_Problem details:_ From the entries that follow, copy exactly the lines beginning at the line holding "kids_playing_2018_denver_family_experience.jpg" and continuing through the line holding "Juwel LED Blau".

_Records to process:_

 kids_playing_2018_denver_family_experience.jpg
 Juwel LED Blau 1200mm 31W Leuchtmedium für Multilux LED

==

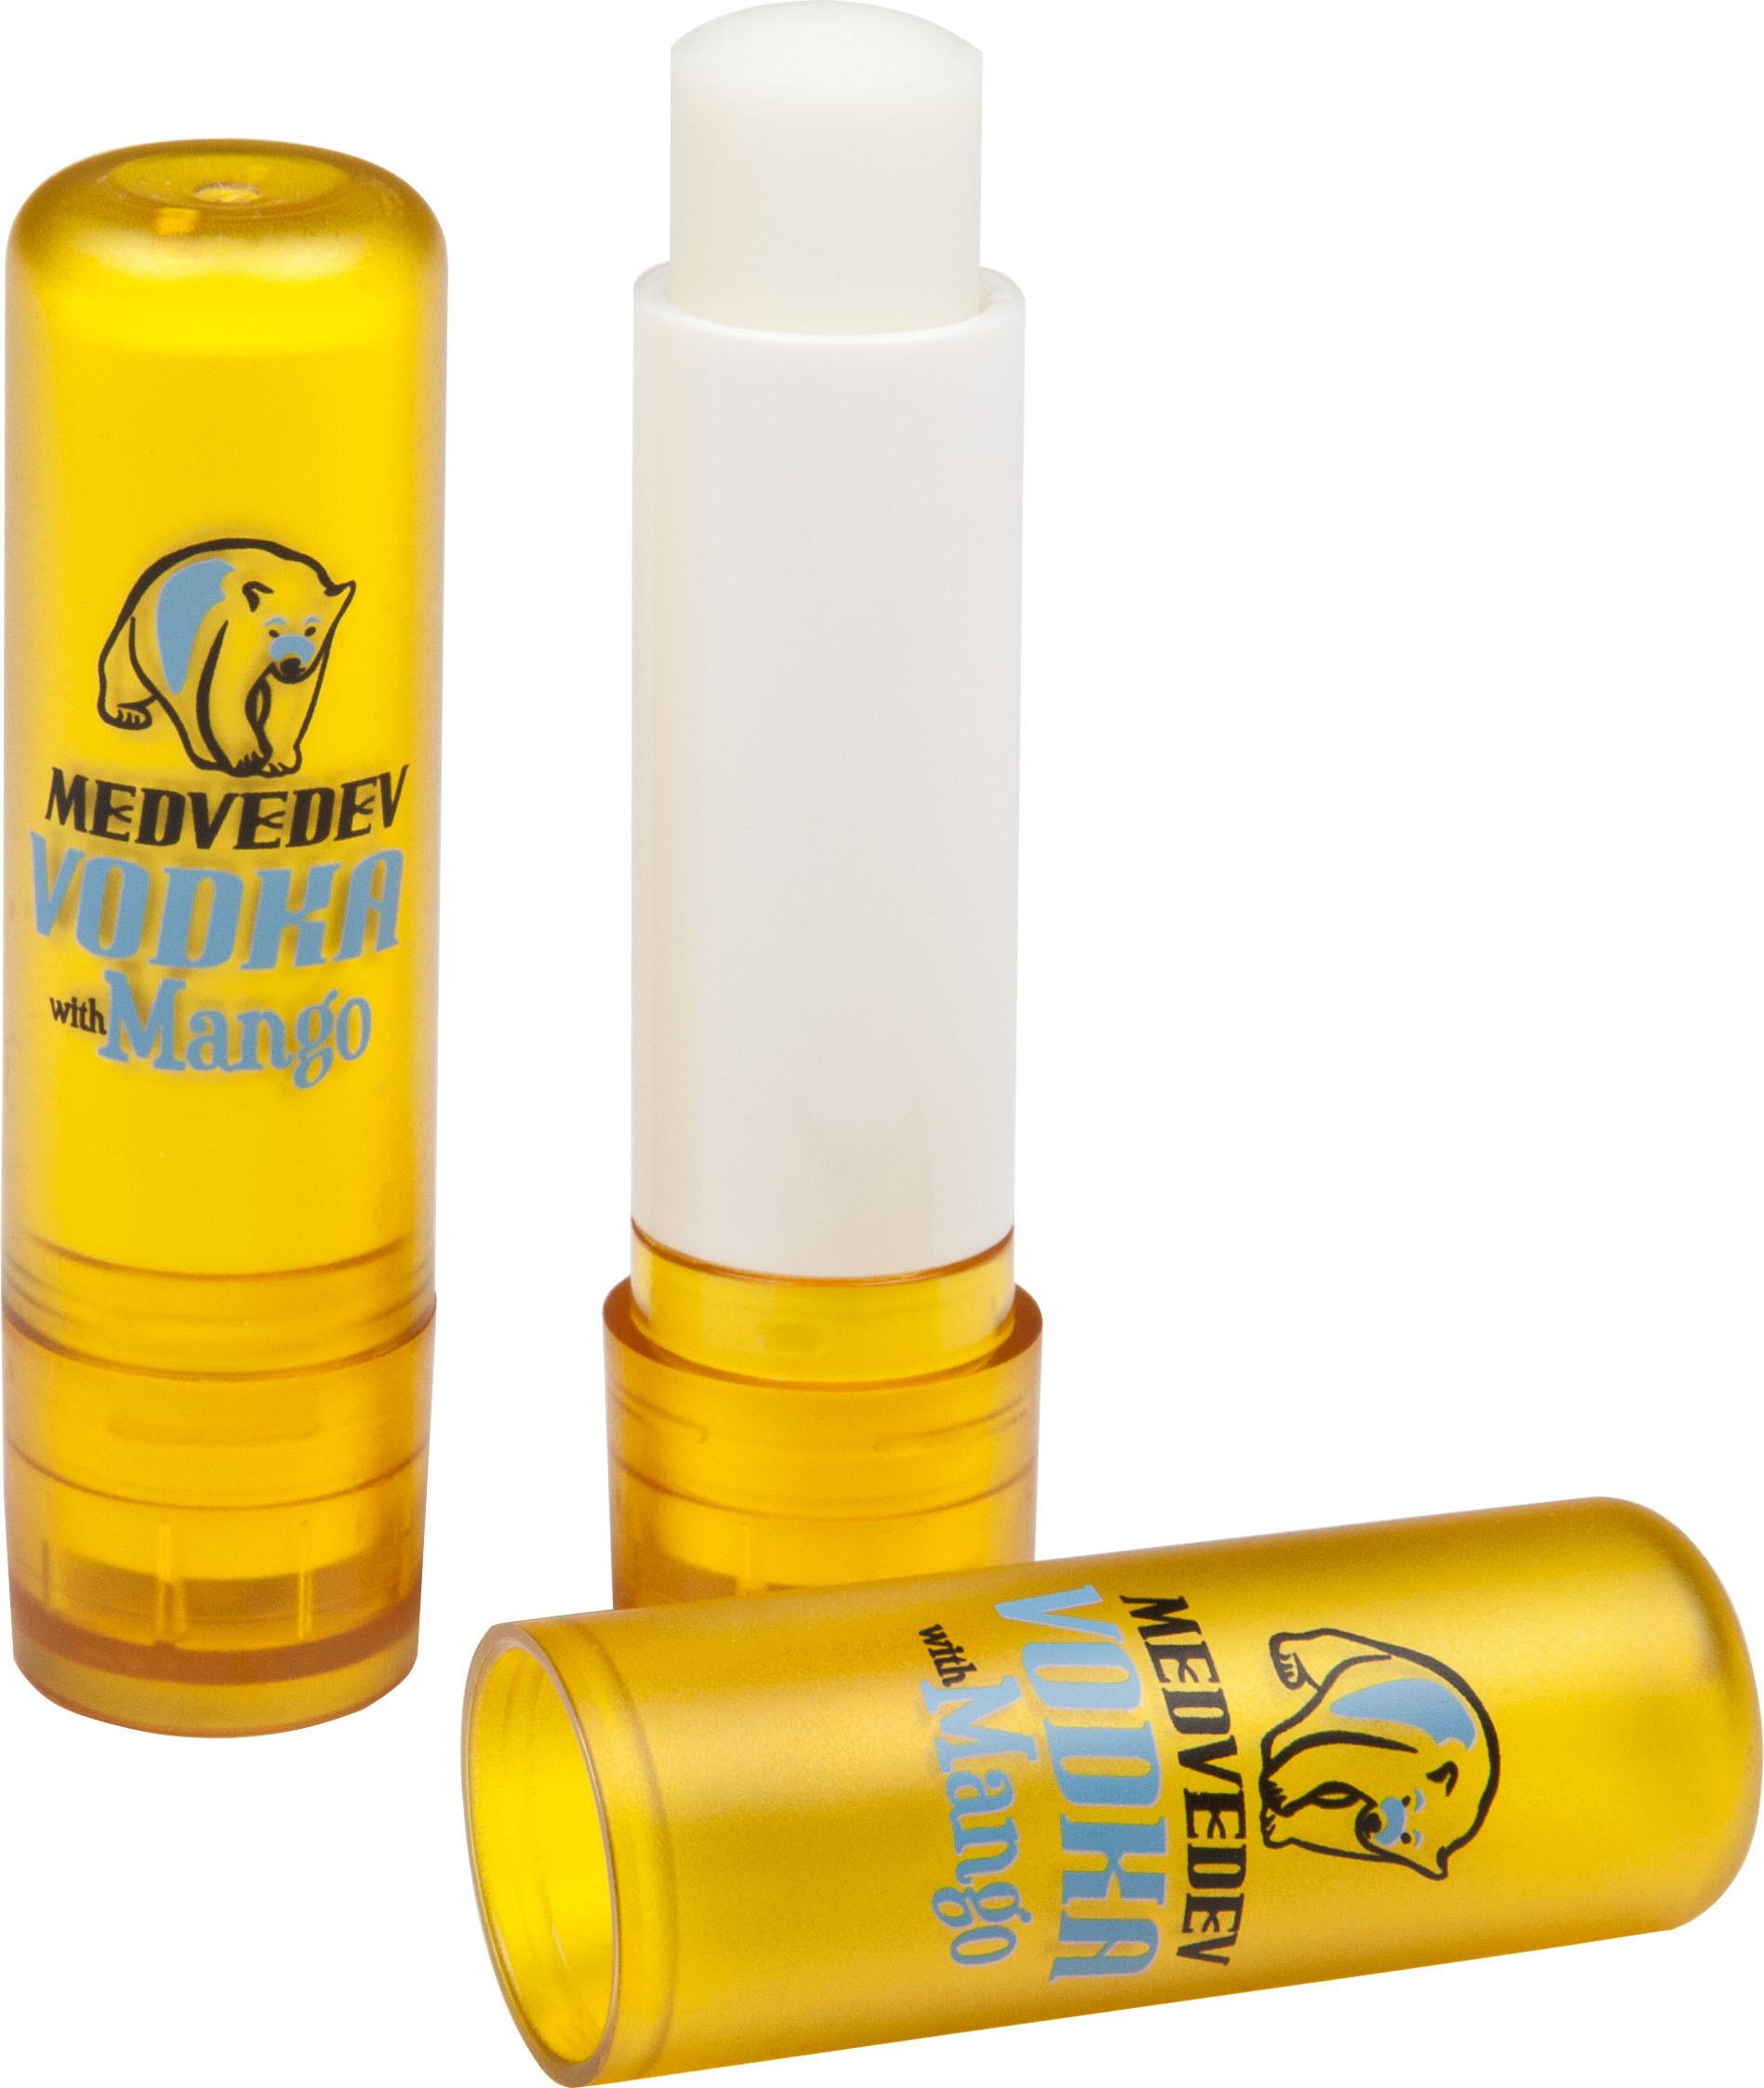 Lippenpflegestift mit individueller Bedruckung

--

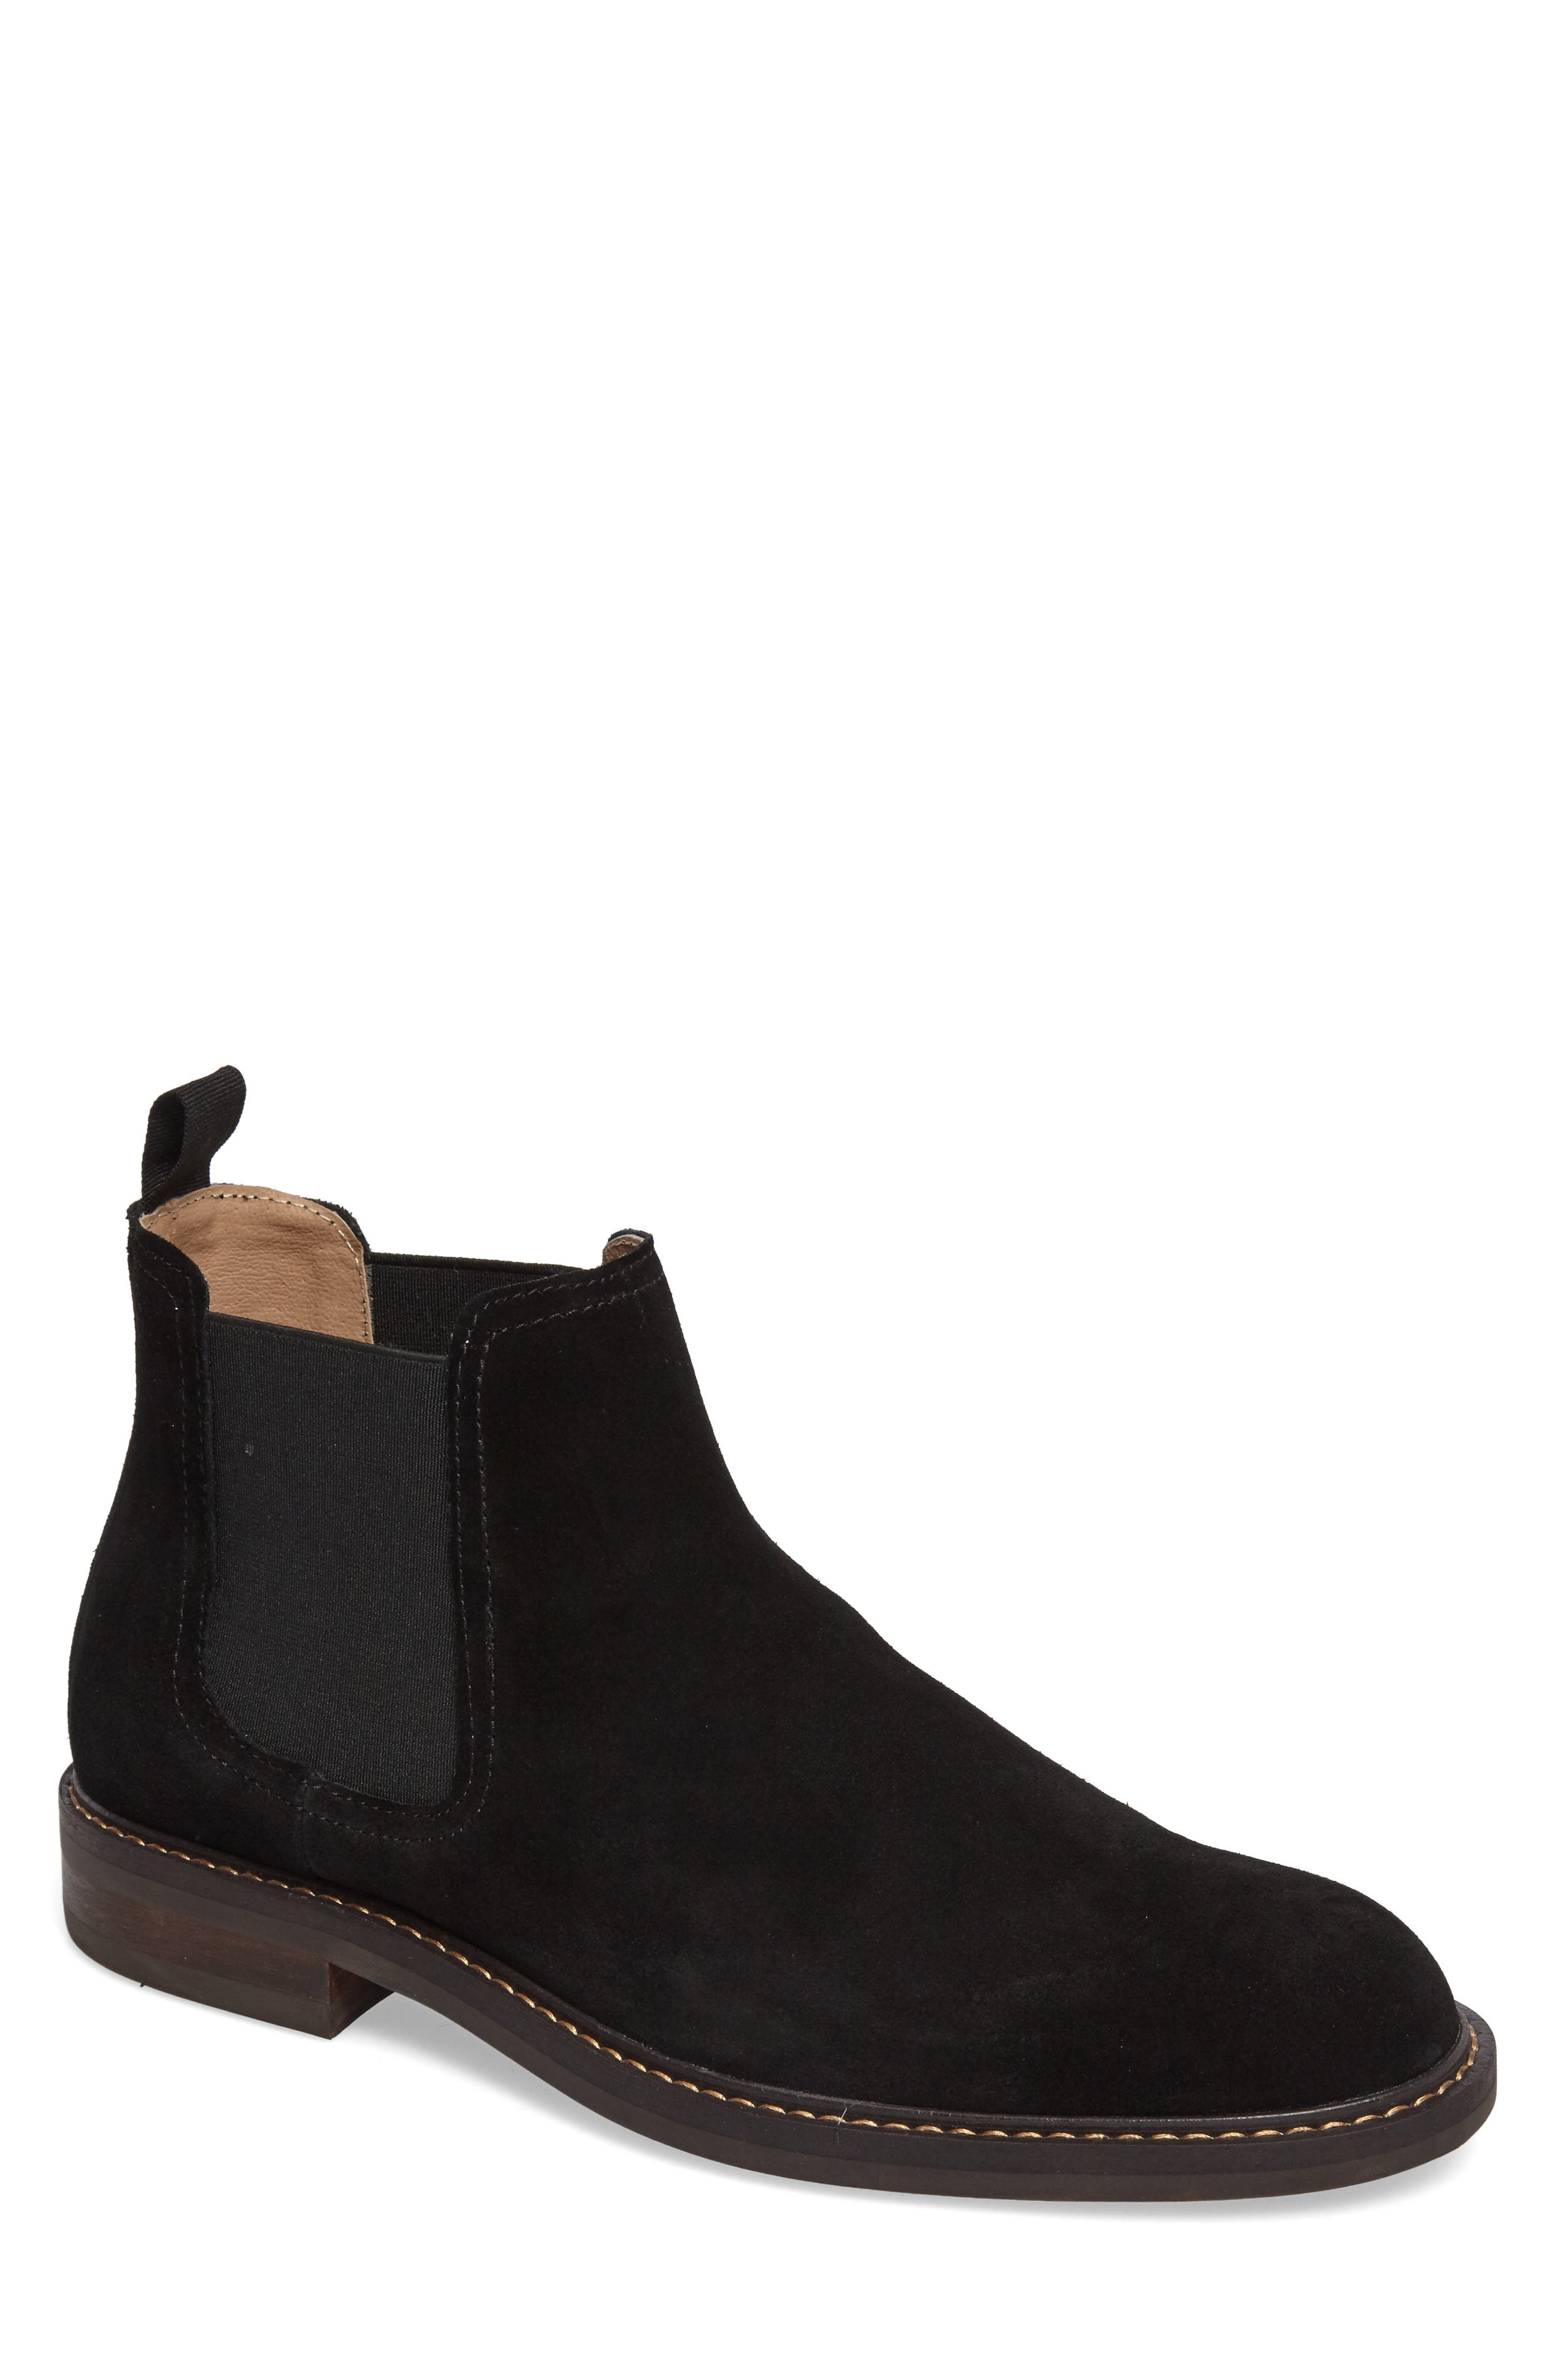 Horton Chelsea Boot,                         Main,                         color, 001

_Answer space:_
 kids_playing_2018_denver_family_experience.jpg
 Juwel LED Blau 1200mm 31W Leuchtmedium für Multilux LED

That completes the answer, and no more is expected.